Don not confuse fiction with life. No writer can imitate life exactly as it is, for life can not be duplicated or mimicked.

Fiction can not duplicate life, for fiction however profoundly written can not resemble life at all.

tractatus
07-08-2008, 05:06 AM
And often this comparison is made like "classic vs modern", or sometime postmodern. A classic could be realistic too.

bounty
07-09-2008, 02:54 PM
i just finished the grapes of wrath and it was very much in keeping with whats been written above about a "realistic" ending. even a hundred pages previous to the ending i was wondering how steinbeck was going to finish the book. it didnt seem to be building to anything along the lines of what slobone said about a "classic" ending.

bree
07-09-2008, 05:01 PM
I prefer classic to realistic. I did not like the ending to The Grapes of Wrath. However my old English Literature Lecturer said that classic endings were for lazy readers because they don't have to think further. Does anyone agree.

bounty
07-10-2008, 06:22 PM
I prefer classic to realistic. I did not like the ending to The Grapes of Wrath. However my old English Literature Lecturer said that classic endings were for lazy readers because they don't have to think further. Does anyone agree.

hi bree---yeah, i didnt like it too much either, as an ending that is.

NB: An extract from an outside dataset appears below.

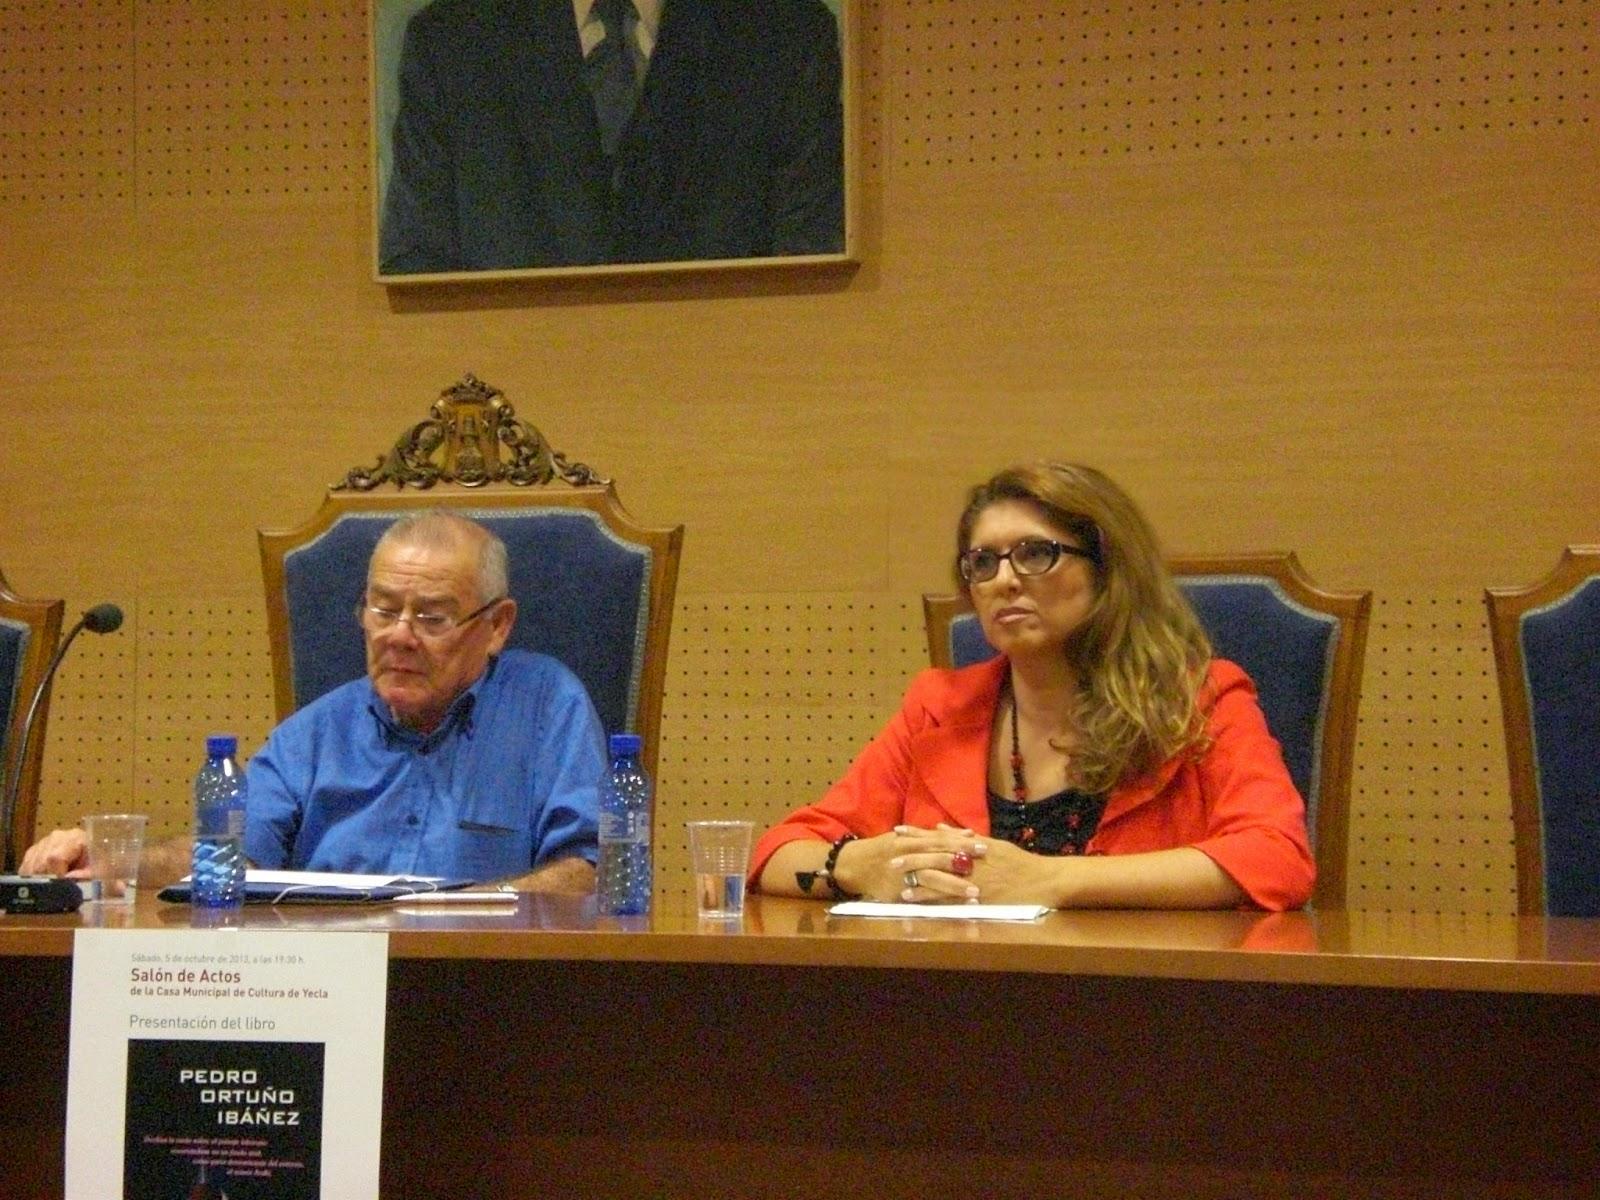 El Blog de María Serralba - Apadrinamiento Pedro Ortuño Ibañez - Yecla

i can only agree with your old english lit lecturer if as a general rule we make a point of discussing/theorizing what comes next after the author leaves us hanging with a story that just simply ends. and that we would find legitimate worth in doing so. otherwise, yes, give me a book with a finish line and a story that ends.

patrickbeverley
07-10-2008, 07:39 PM
I like realistic endings: I agree with Kurt Vonnegut's view that, "The proper ending for any story about people it seems to me ... is ETC." Mind you, he wrote that in Breakfast of Champions, one of the most bat**** insane surrealistic novels in existence.

Whifflingpin
07-11-2008, 12:21 PM
"classic endings were for lazy readers "
Maybe 'realistic' endings are for lazy writers who do not know what to do with the characters & plot they create :D


Somerset-Maugham has some relevant comments in "The Razor's Edge." He writes, in the first paragraph, "I have little story to tell and I end with neither a death nor a marriage. Death ends all things and so is the comprehensive conclusion to a story, but marriage finishes it very properly too.... It is a sound instinct of the common people which persuades them that with this all that needs to be said is said. When male and female... are at last brought together they have fulfilled their biological function and interest passes to the generation that is to come."

Having said that at the beginning, Maugham goes on to leave the end realistically unresolved.